Though the refugee issue is a fundamental cause of the Israeli-Palestinian conflict, most experts agree a “right of return” has become more abstract than a real possibility. Still, successive U.S. administrations declined to jettison it altogether. Instead, they have argued for compensation and land swaps with Israel.
Those controversial ideas form the basis for the 40-page document drafted by Kushner and Greenblatt, said current and former U.S., Israeli and Palestinian officials and diplomats who have been briefed on the peace plan or are familiar with it, and spoke on condition of anonymity to discuss its contents.
“The U.S. drive to change the long-established principles of a deal have been more than music” to Israeli Prime Minister Benjamin Netanyahu, said Nimrod Novick, former adviser to the late Israeli prime minister and peacemaker Shimon Peres.
“I suspect that he has been the driving force behind it: Take Jerusalem off the table, then take refugees off too,” said Novick, a fellow at the New Yorkbased Israel Policy Forum, which advocates for Israeli and Palestinian states coexisting side by side. “All before we change attitudes on security and eventually on borders as well.”
Kushner, 37, has said he was uninterested in the history or background of the generations-old IsraeliPalestinian conflict.
But diplomats, experts and even the Israeli military caution that siding so heavily with Israel, and taking from Palestinians any hope for eventual independence, could lead to more violence in the region.
Dave Harden, a former assistant administrator at the U.S. Agency for International Development, who led operations in the West Bank and Gaza Strip during the Obama administration, agrees that UNRWA “subsidizes dysfunction” and must be reformed.
But he said the Trump administration’s approach is likely to backfire.
“You can’t go from 100 percent to zero (funding) overnight,” Harden said. “It will create a vacuum.
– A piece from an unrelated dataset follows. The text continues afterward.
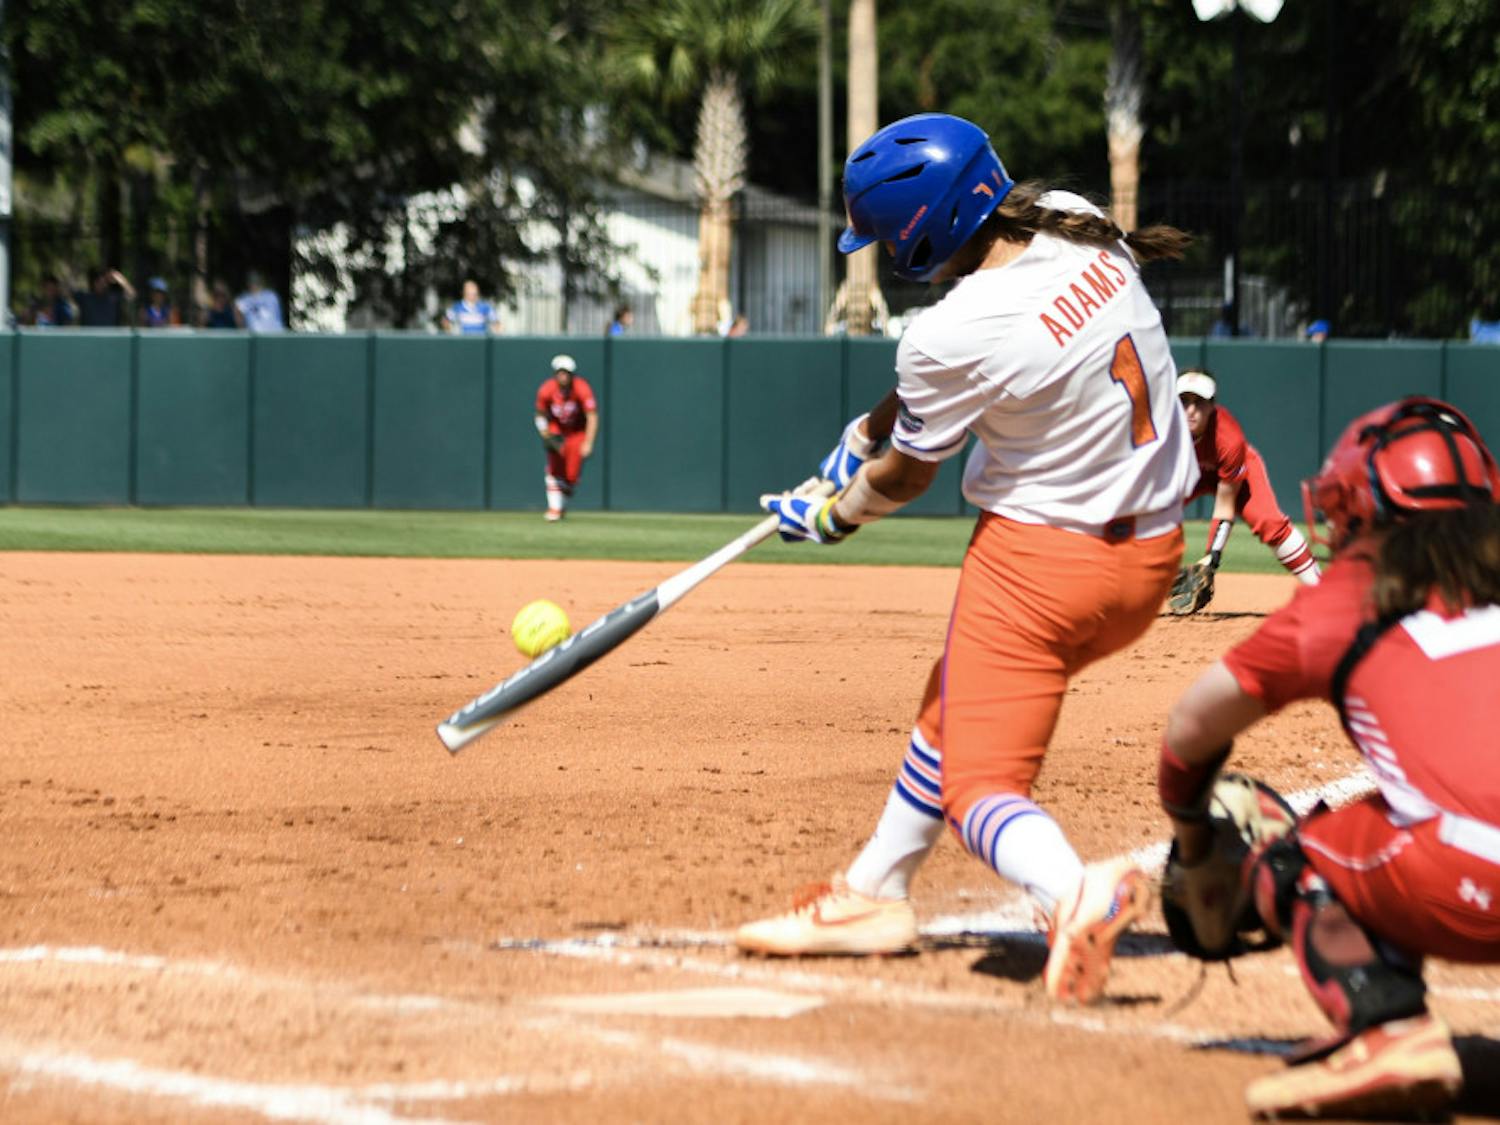 Second baseman Hannah Adams was a key contributor for Florida at the NCAA Gainesville Regional, going 4 for 8 with two RBIs and two runs scored.

And who will step in to fill it? The Palestinian Authority? Israel? No one will pay. And that creates a big opening for Hamas,” the militant Islamist organization that controls Gaza and is considered a terrorist group by Israel and the U.S.
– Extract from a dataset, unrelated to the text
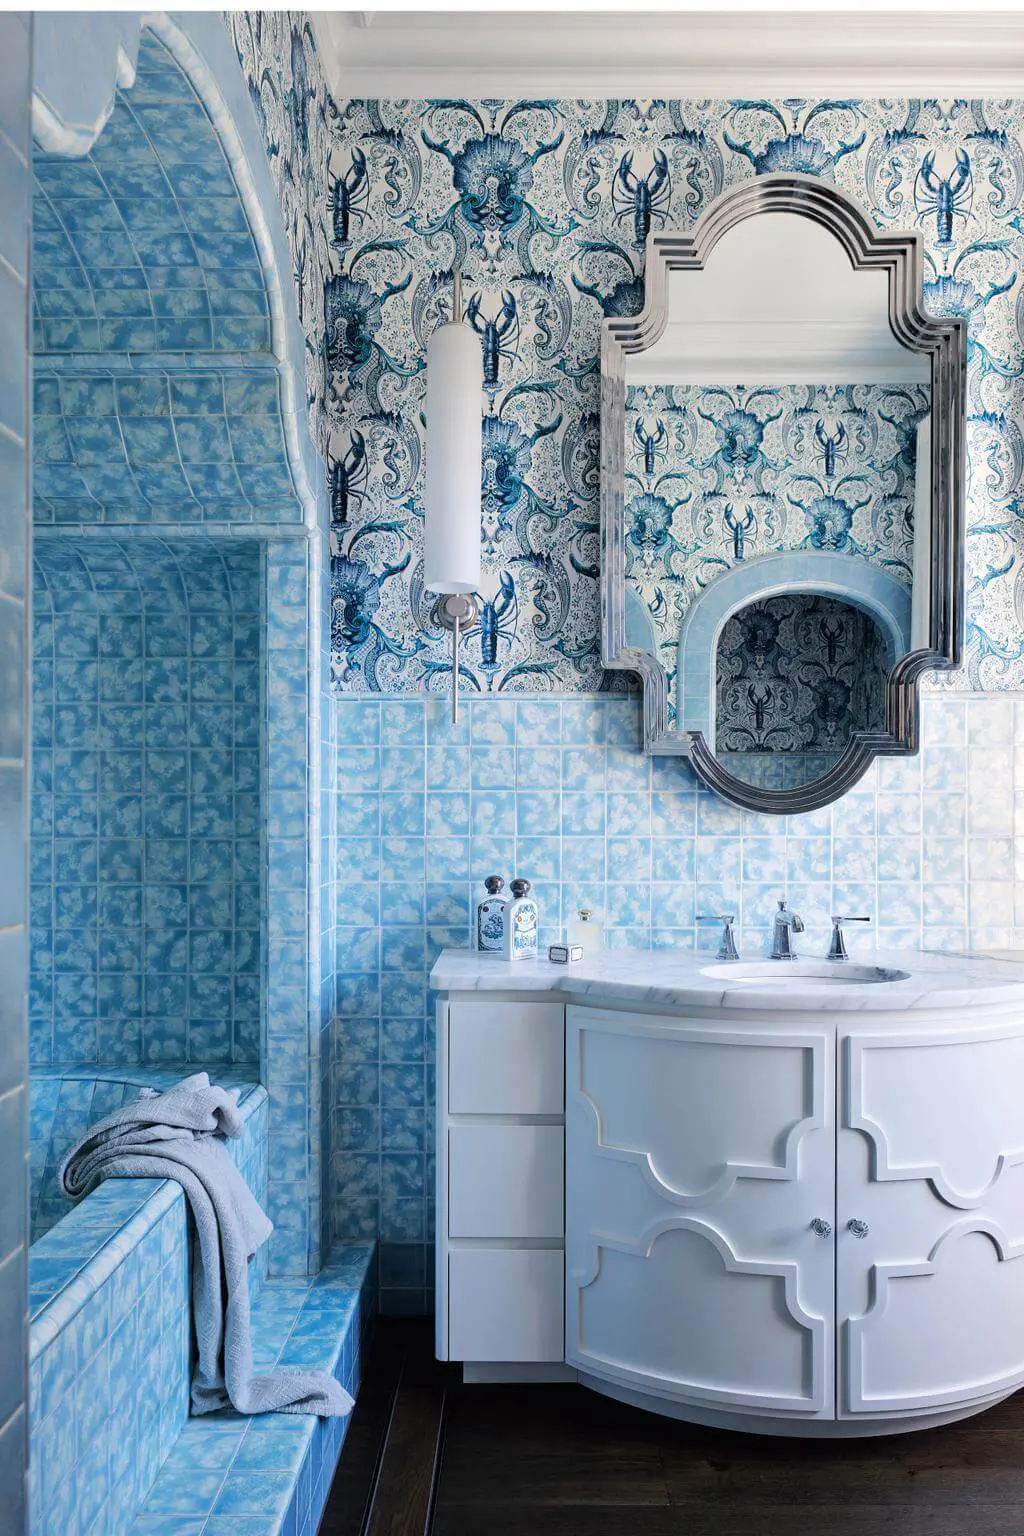 Moorish-style blue and white tiles in the bathroom

The Palestinian leadership blasted Haley’s comments and the cutoff in UNRWA funds as an affront to international law that demonstrated “hostility” to Palestinians and their rights.
Mahmoud Abbas, president of the Palestinian Authority, which rules over the West Bank, said that Trump’s envoys were proposing that Palestinians form a “confederation” with Jordan, already home to millions of Palestinian refugees.
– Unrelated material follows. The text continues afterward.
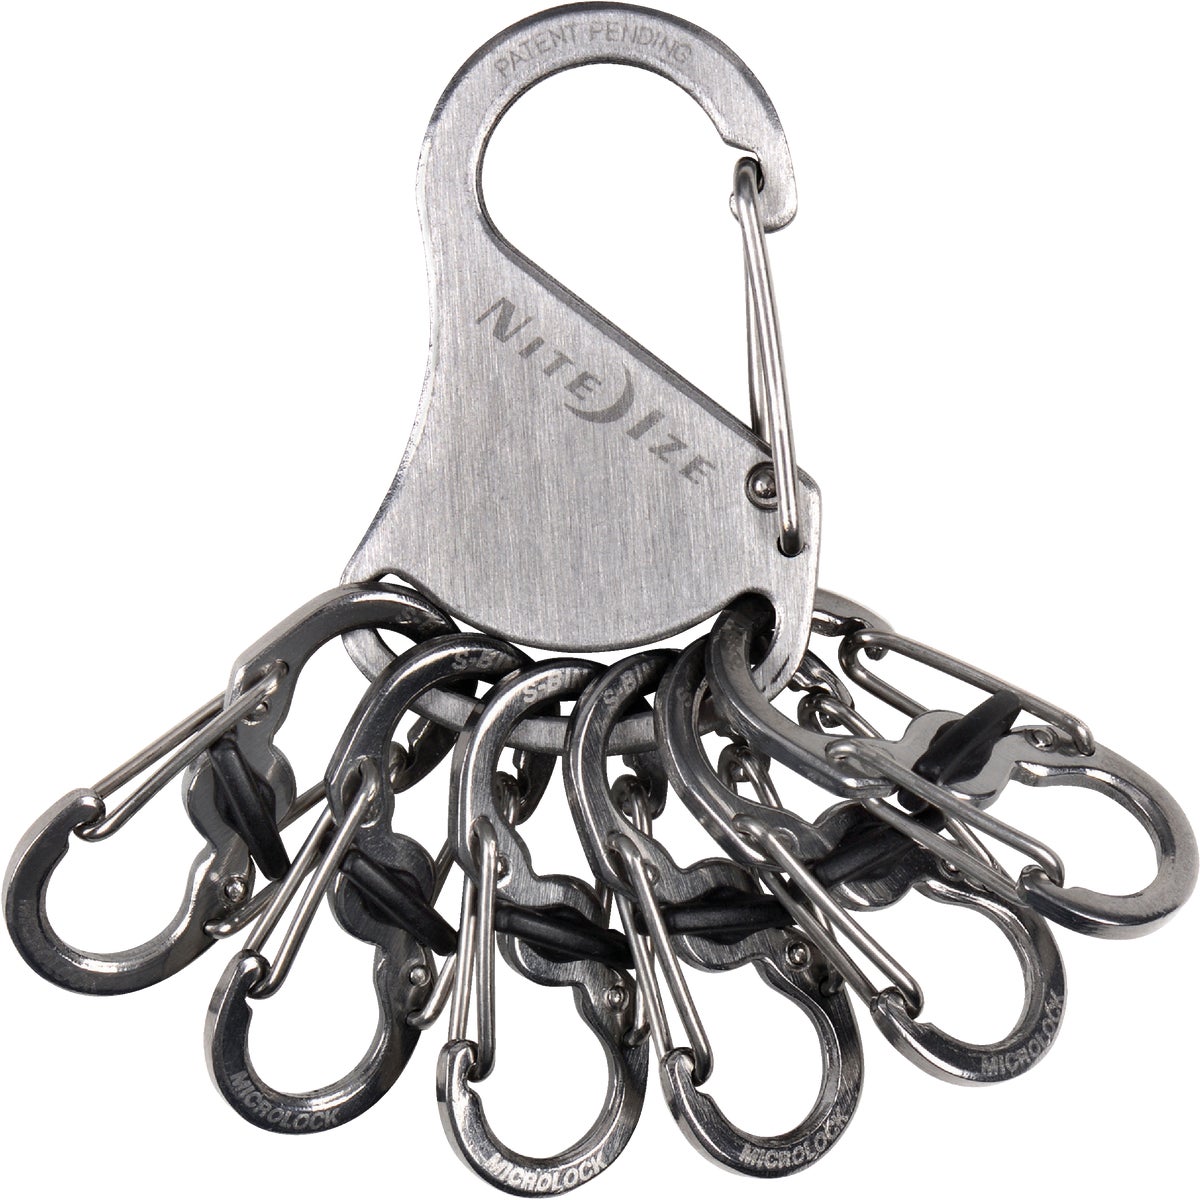 Item 570372, KeyRack Locker features sturdy, secure carabiner gate closure for clipping

Abbas and his supporters saw the U.S. proposal as a thinly veiled attempt to subvert the goal of Palestinian statehood.
Another force behind the controversial moves is David Friedman, the U.S. ambassador to Israel and Trump’s former bankruptcy lawyer.
In addition to pushing successfully for the transfer of the U.S. Embassy from Tel Aviv to Jerusalem, Friedman has persuaded the administration to drop the universally used terminology of “occupied territories” when referring to the West Bank and Gaza.
The administration “sees this as an opportunity to realign American policy in a way not seen in 25 years,” said veteran Mideast negotiator Aaron David Miller, “and to make it more difficult for successive administrations to reset.”